Dataset excerpts:
■ ■ ■ ■ ■

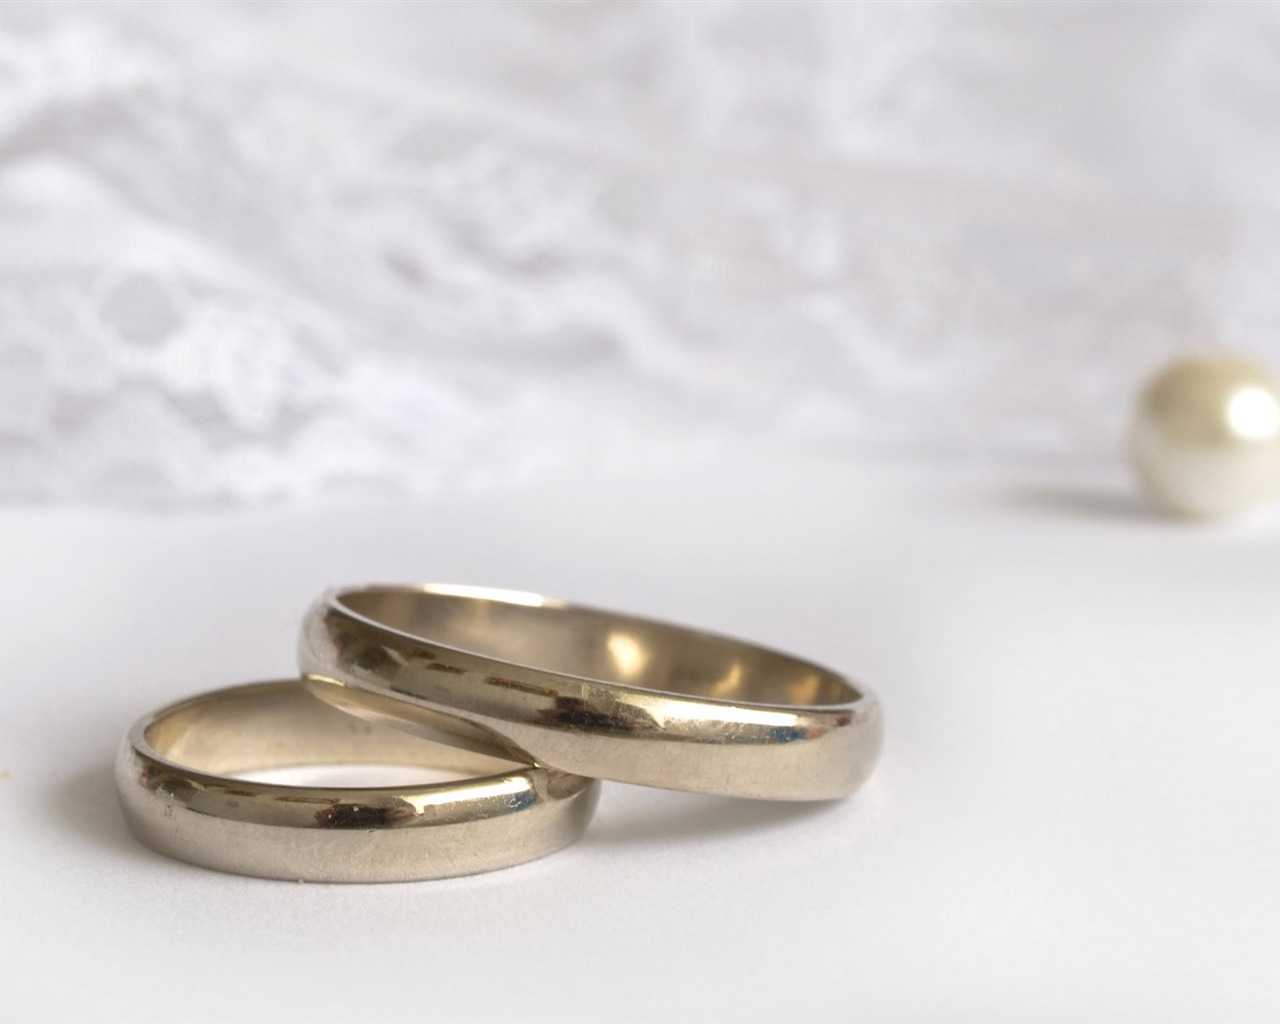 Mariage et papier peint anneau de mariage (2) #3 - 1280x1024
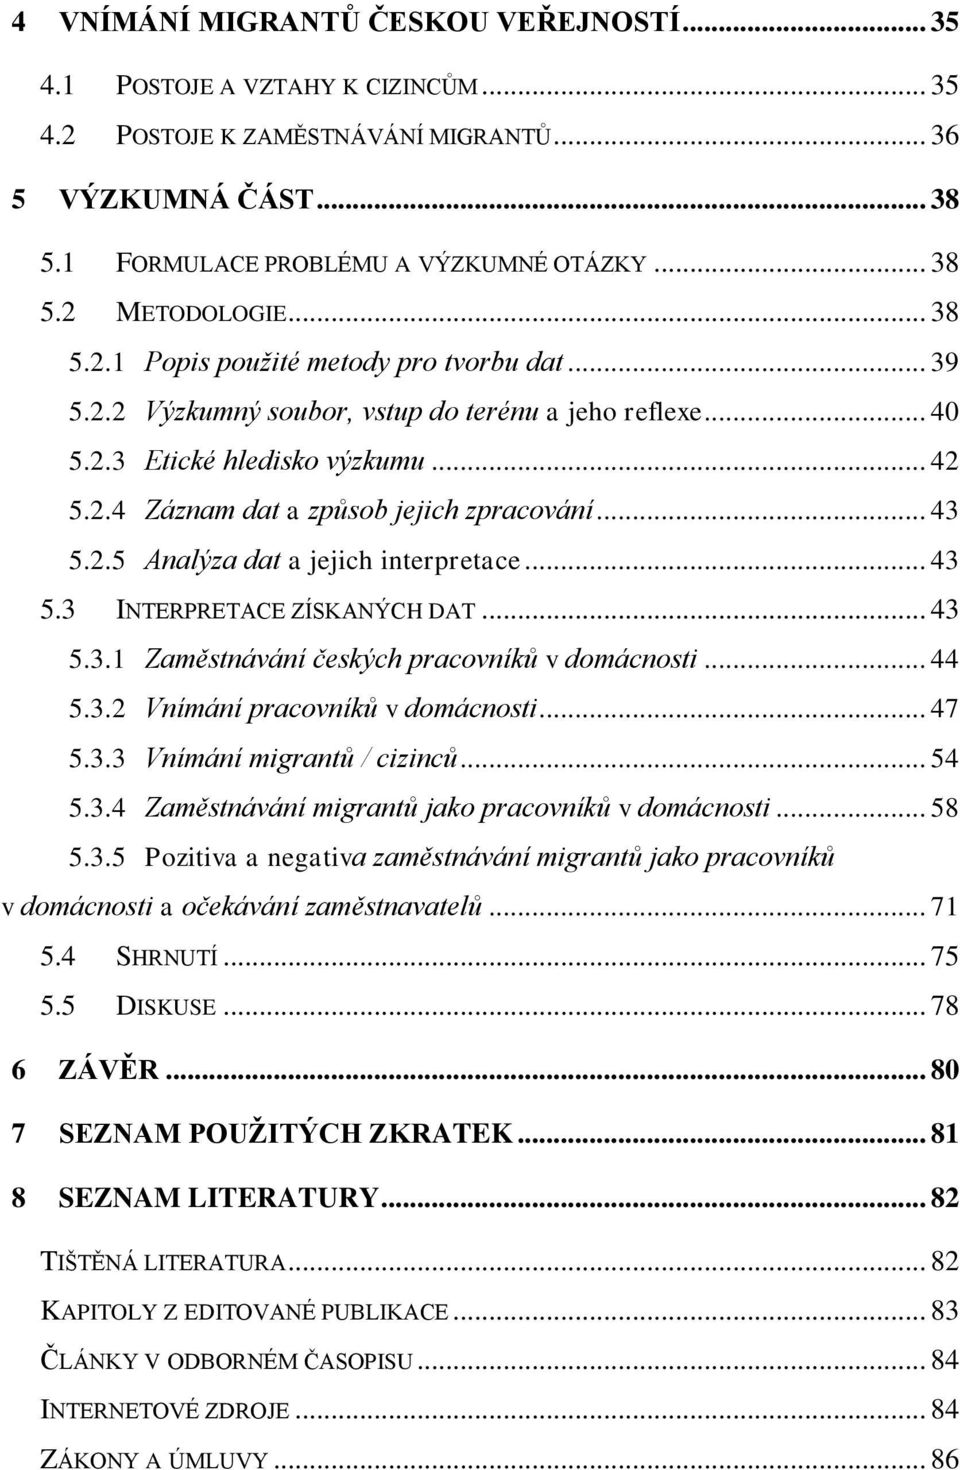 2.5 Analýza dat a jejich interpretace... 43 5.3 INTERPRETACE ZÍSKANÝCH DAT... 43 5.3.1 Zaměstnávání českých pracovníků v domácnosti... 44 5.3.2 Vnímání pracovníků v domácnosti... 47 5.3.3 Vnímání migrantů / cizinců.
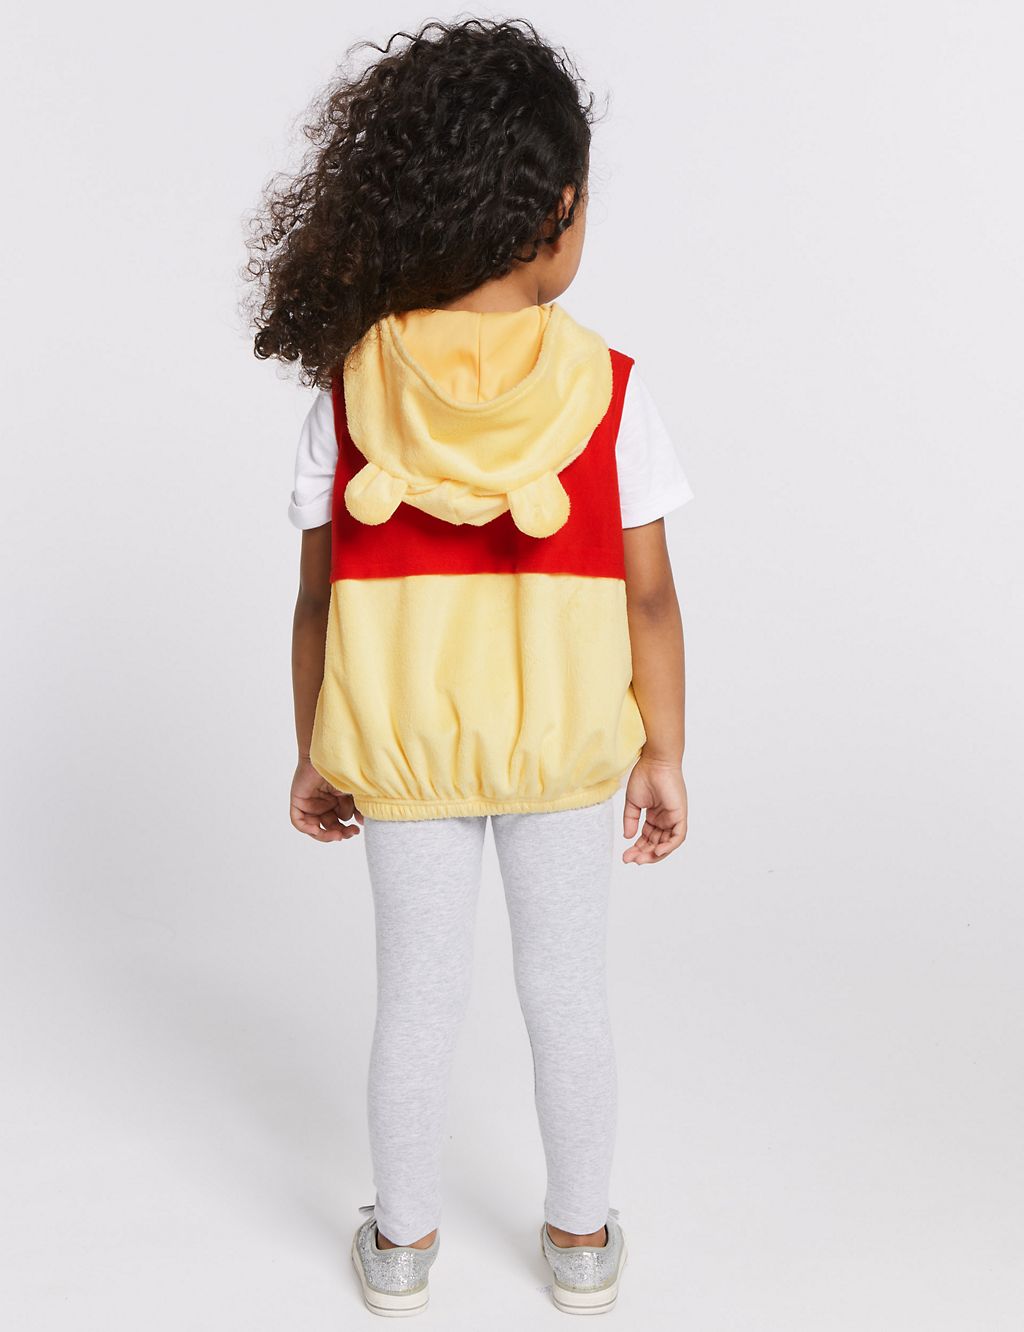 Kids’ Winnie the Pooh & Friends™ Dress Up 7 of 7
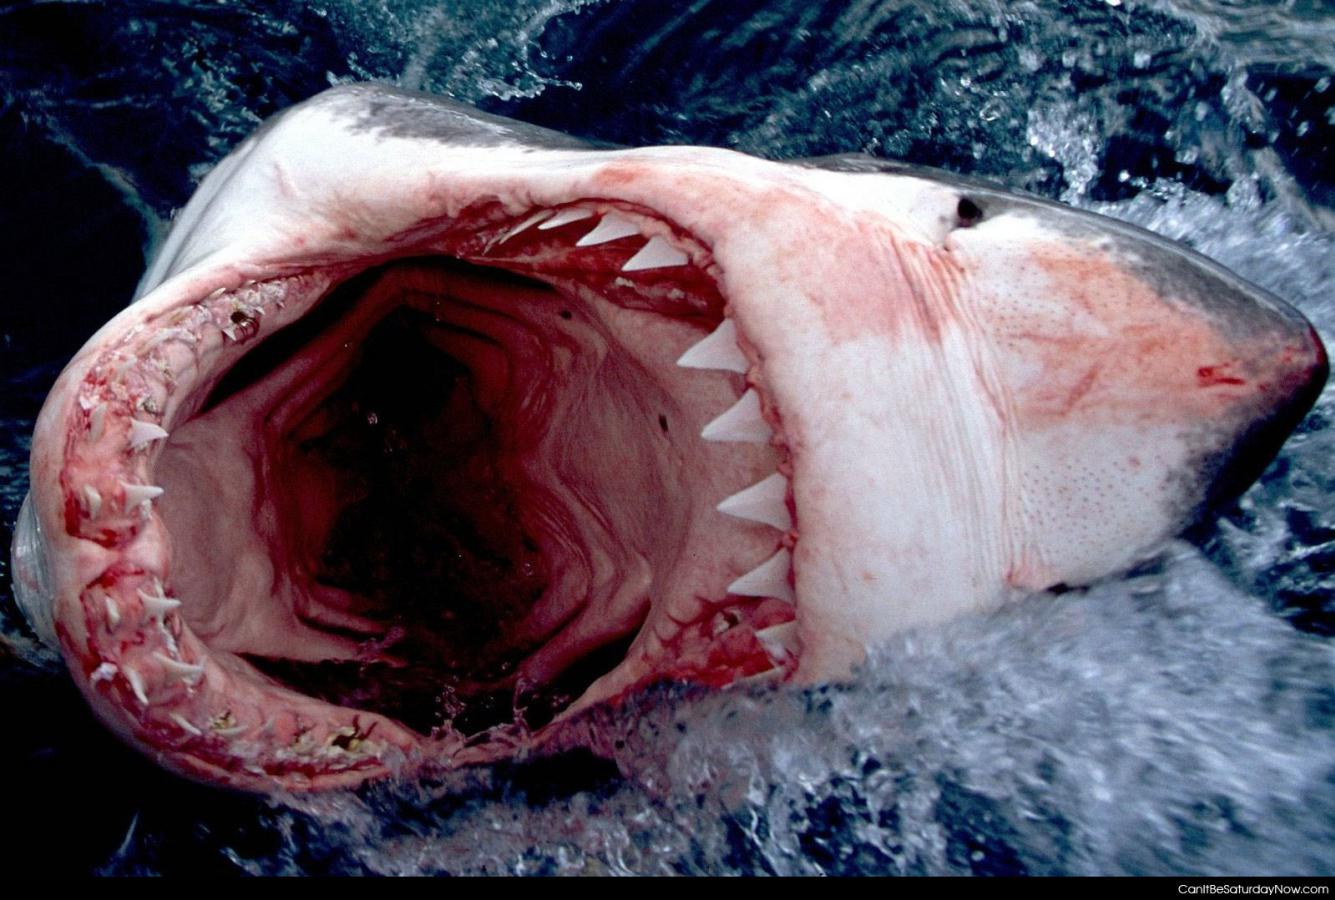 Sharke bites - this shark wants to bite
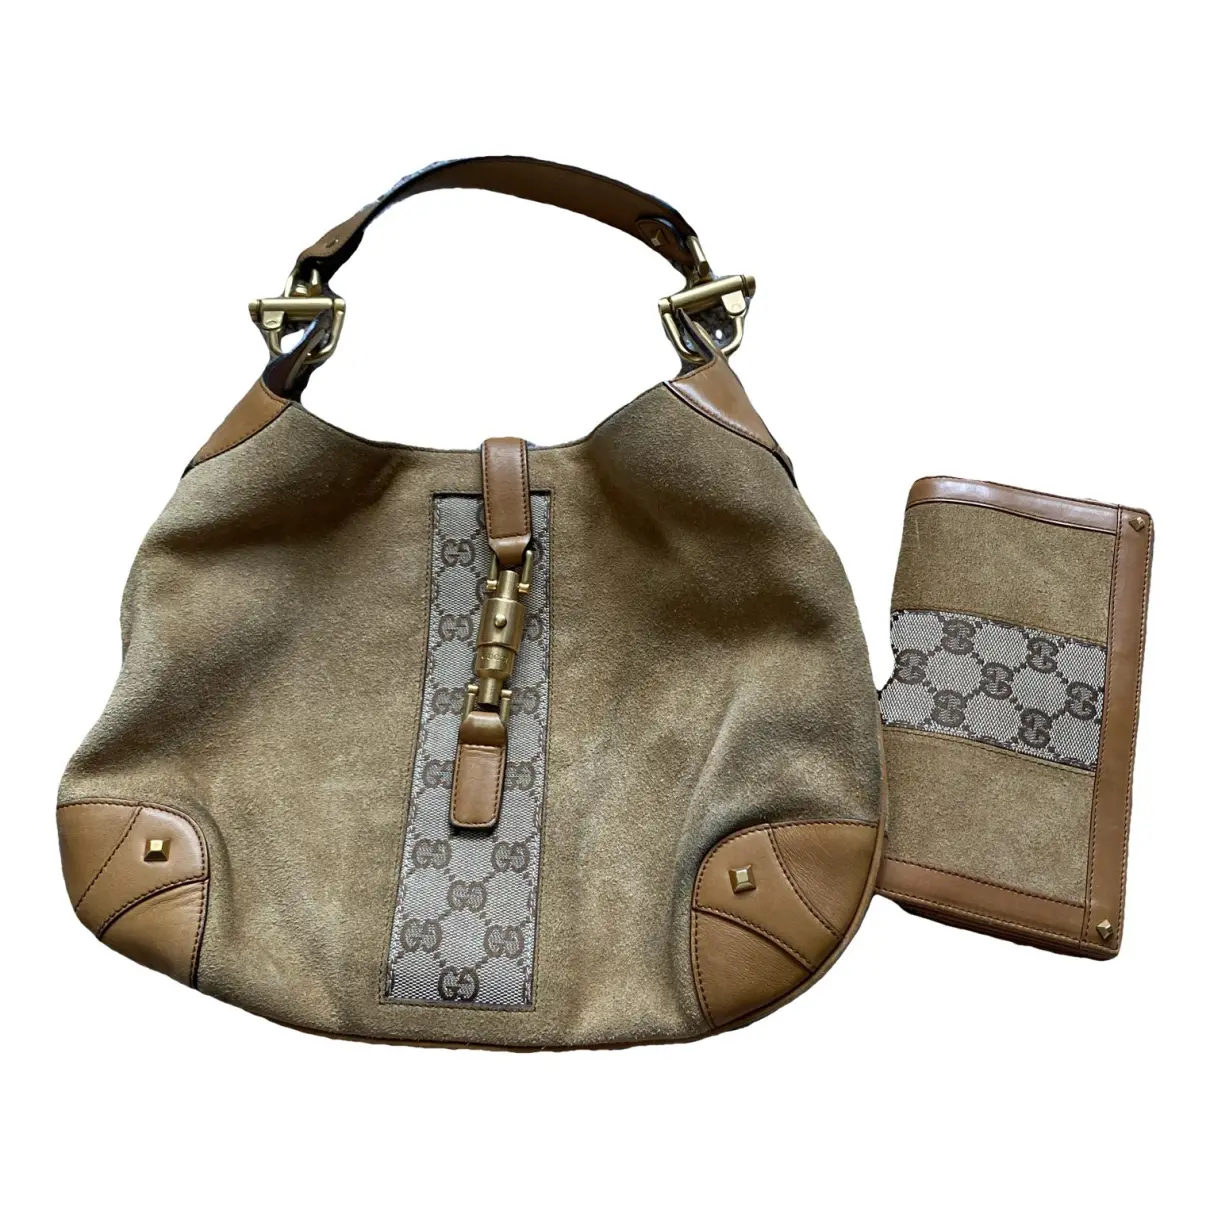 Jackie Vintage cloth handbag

■ ■ ■ ■ ■

Your goal: Write out the records once more, word for word, though without the pictures they contain.

Answer box:
 Mariage et papier peint anneau de mariage (2) #3 - 1280x1024
 2.5 Analýza dat a jejich interpretace... 43 5.3 INTERPRETACE ZÍSKANÝCH DAT... 43 5.3.1 Zaměstnávání českých pracovníků v domácnosti... 44 5.3.2 Vnímání pracovníků v domácnosti... 47 5.3.3 Vnímání migrantů / cizinců.
 Kids’ Winnie the Pooh & Friends™ Dress Up 7 of 7
 Sharke bites - this shark wants to bite
 Jackie Vintage cloth handbag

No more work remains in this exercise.